# Enneagram 7 or 8?



## meridannight (Nov 23, 2012)

Figure said:


> Gotcha. We have different definitions. I think of enneagram revenge as coming from the id/instinctual and reactive right away. When it comes to the long term revenge, I almost think more along the lines of 3 or 4. Both head and gut would steer away from the emotional involvement you're pointing to.


yeah well, whenever someone mentions revenge i always think of the long-term one. because the short-term one doesn't feel like revenge as much as it does a simple reaction. but i understand that it's in the definition, and can be seen as such. and in the short-term sense i would agree with the vengeance thing then. 

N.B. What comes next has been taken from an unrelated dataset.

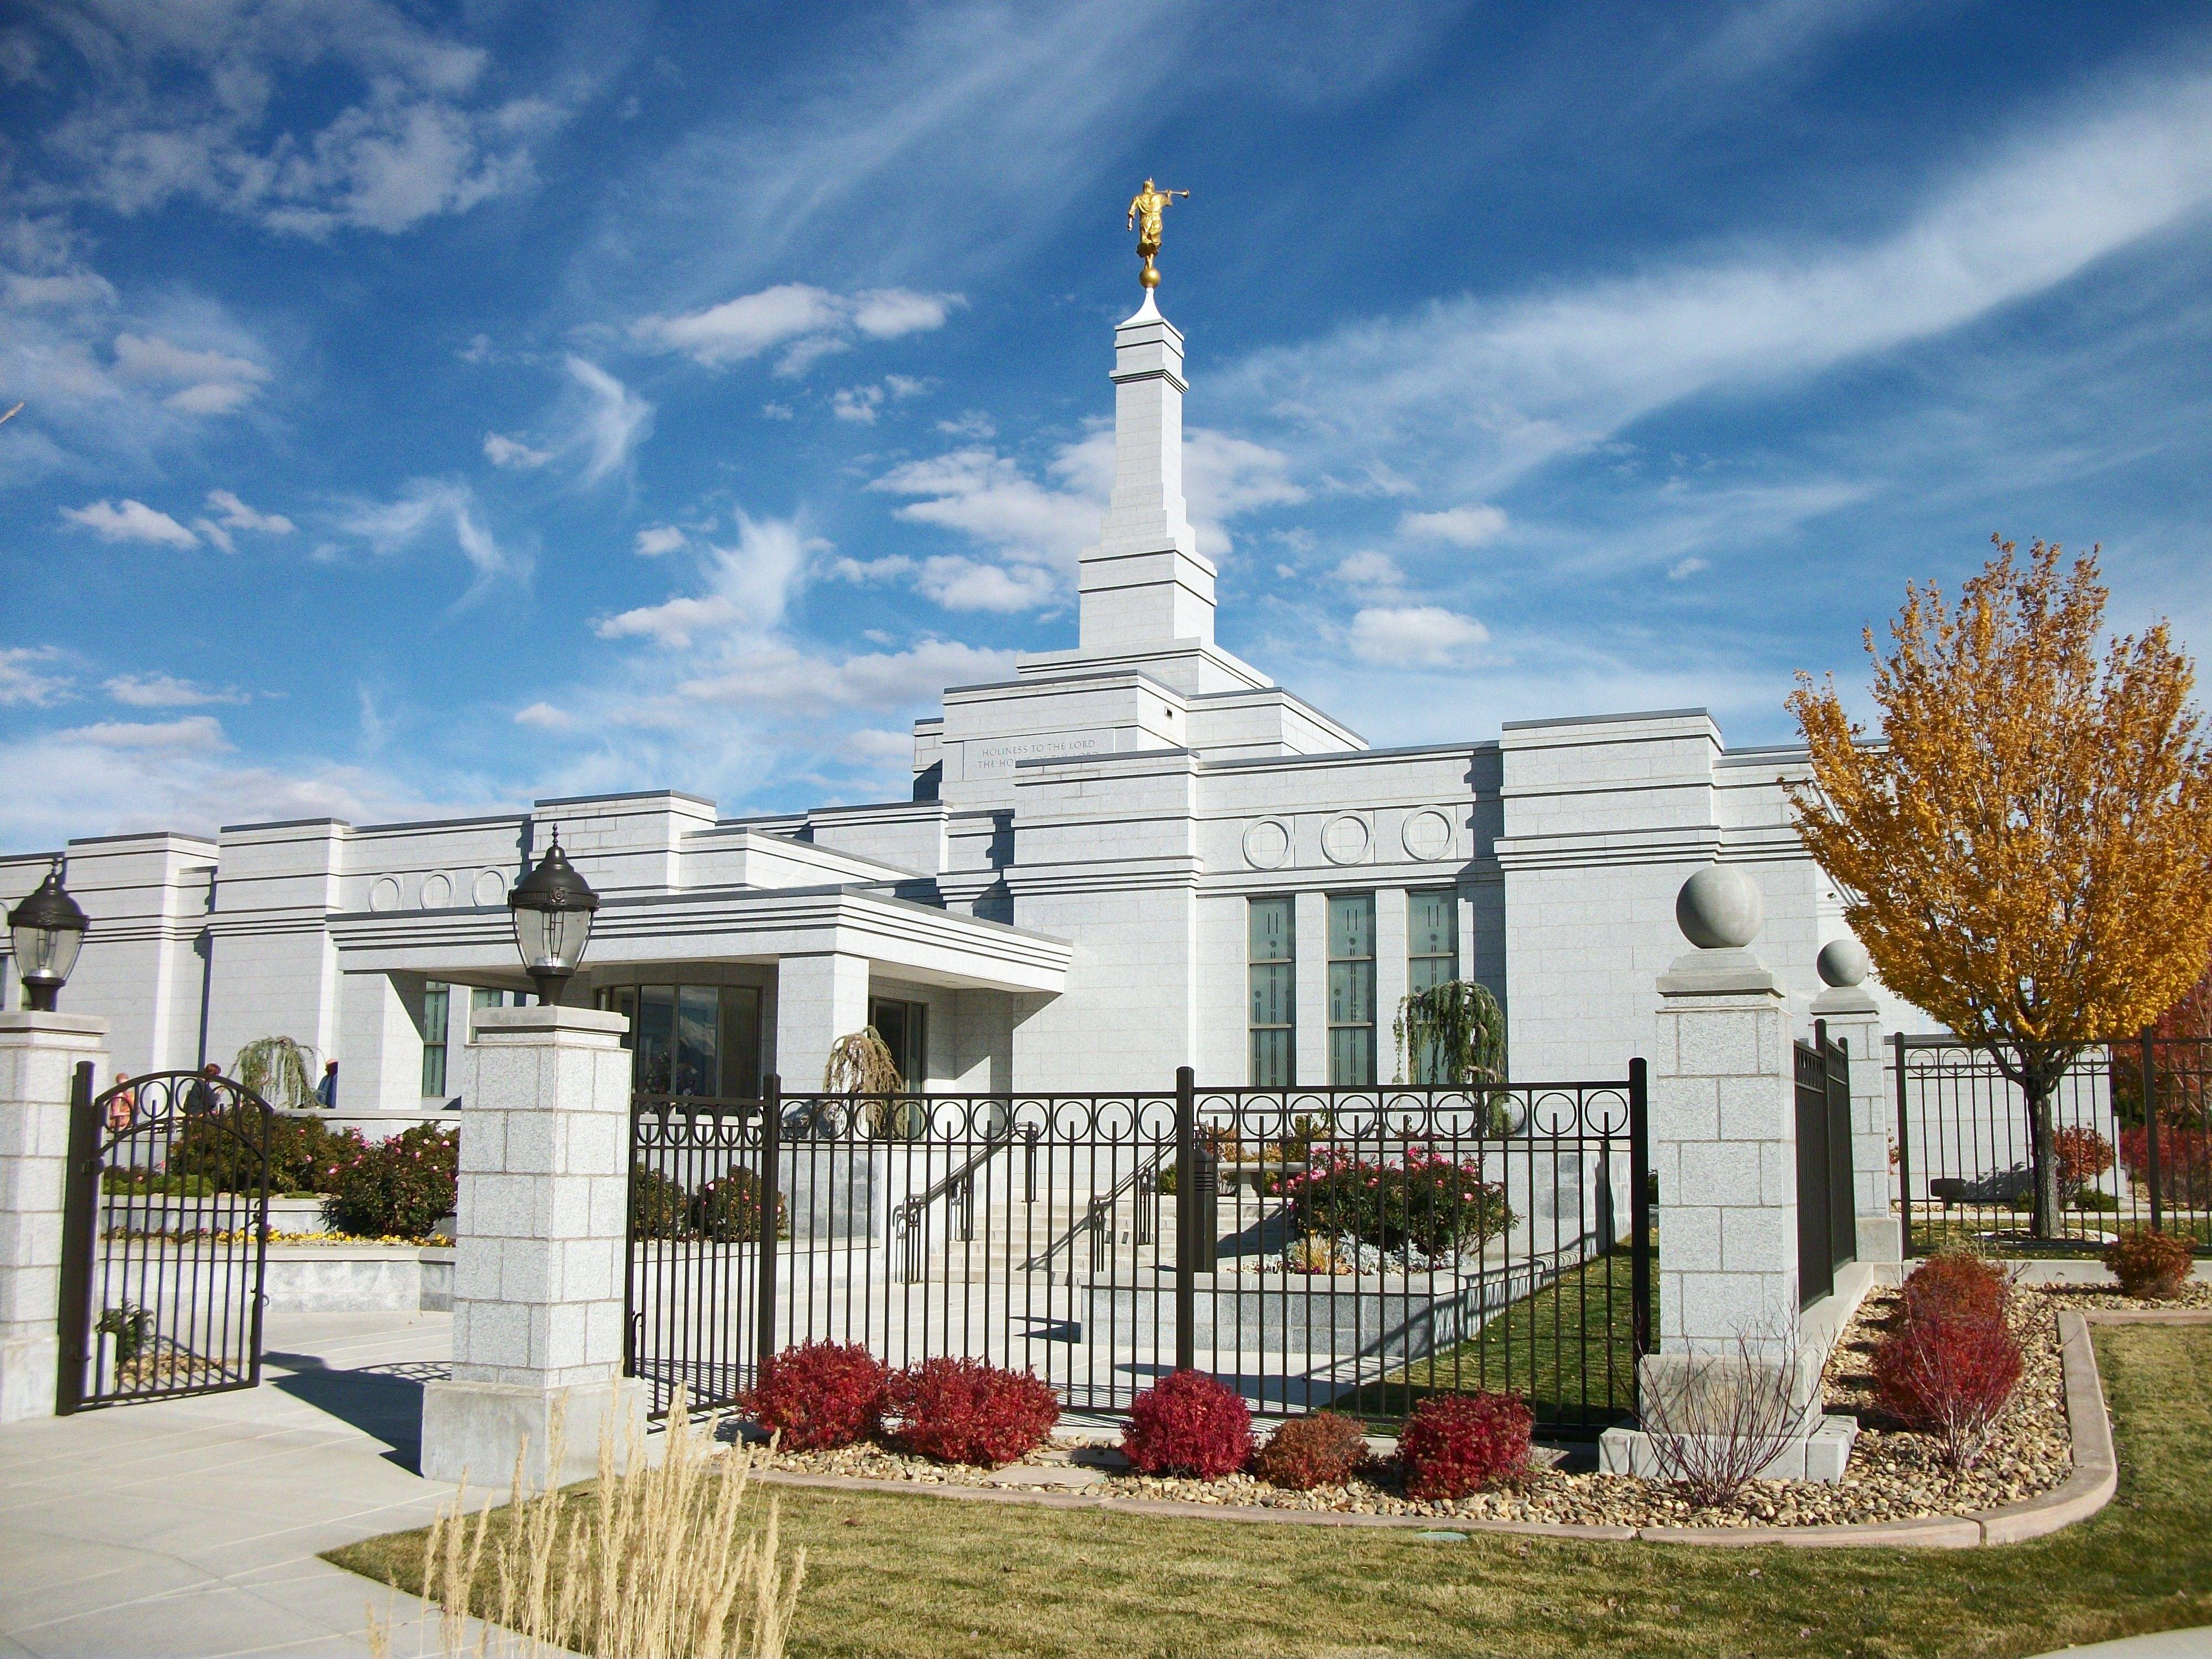 The Reno Nevada Temple entrance, including scenery.

> Okay, I think I know what you mean now. Yeah, it's a short-lived reaction to someone that you don't like. If mine is anything like yours, you don't have anything specific in mind other than that the very sight of them. I'm actually having trouble explaining what it's like now too, as it's very much a visceral thing. Mannerisms and things they do make it worse while they're there - mine tend to be with ostentatious or arrogant people. It's almost a "space" thing. Maybe it's different for an 8 core, more intense, though this is pretty intense as is.


it's physical. i can feel it for a person i don't even know, someone who hasn't even done anything to me. and i just don't like them. i can't stand their presence. the very existence of them seems to irritate me. yeah, their mannerisms and things they do become annoying. i don't hate them, per se, i just can't stand to be in the same universe with them. lols. it's not emotional, it's a purely physical sensation. a physical counter-reaction to a person. it's the opposite of what attraction is. physical repulsion. now i got the right word. just like you can feel physically attracted to a person, the opposite is also possible, to feel physically repulsed.

i don't want to talk to that person, look at them, nothing. usually, when someone like that tries to communicate with me i'm completely non-communicative with them. i don't talk to them, i don't look at them, and i try to remove myself from that same space where they are as soon as possible. anything to get away.

it doesn't have a rational or an emotional trigger, because it's happened with people i don't know and with whom i have zero emotional involvement. and yet i react negatively to their presence. maybe they have something in common, like you say for you it's the arrogant and ostentatious people that trigger it, but i haven't found the common denominator yet. 

but i don't view this as hate. hate is more rational. hate is something you can explain away. hate is a more specific reaction against something someone does, or a certain way of behaving, a certain personality trait, maybe. this thing, i can't give a reason for this dislike, except that it exists.


----------



## SharkT00th (Sep 5, 2012)

From all that you have described I would argue that you are a Counter-phobic 6.


----------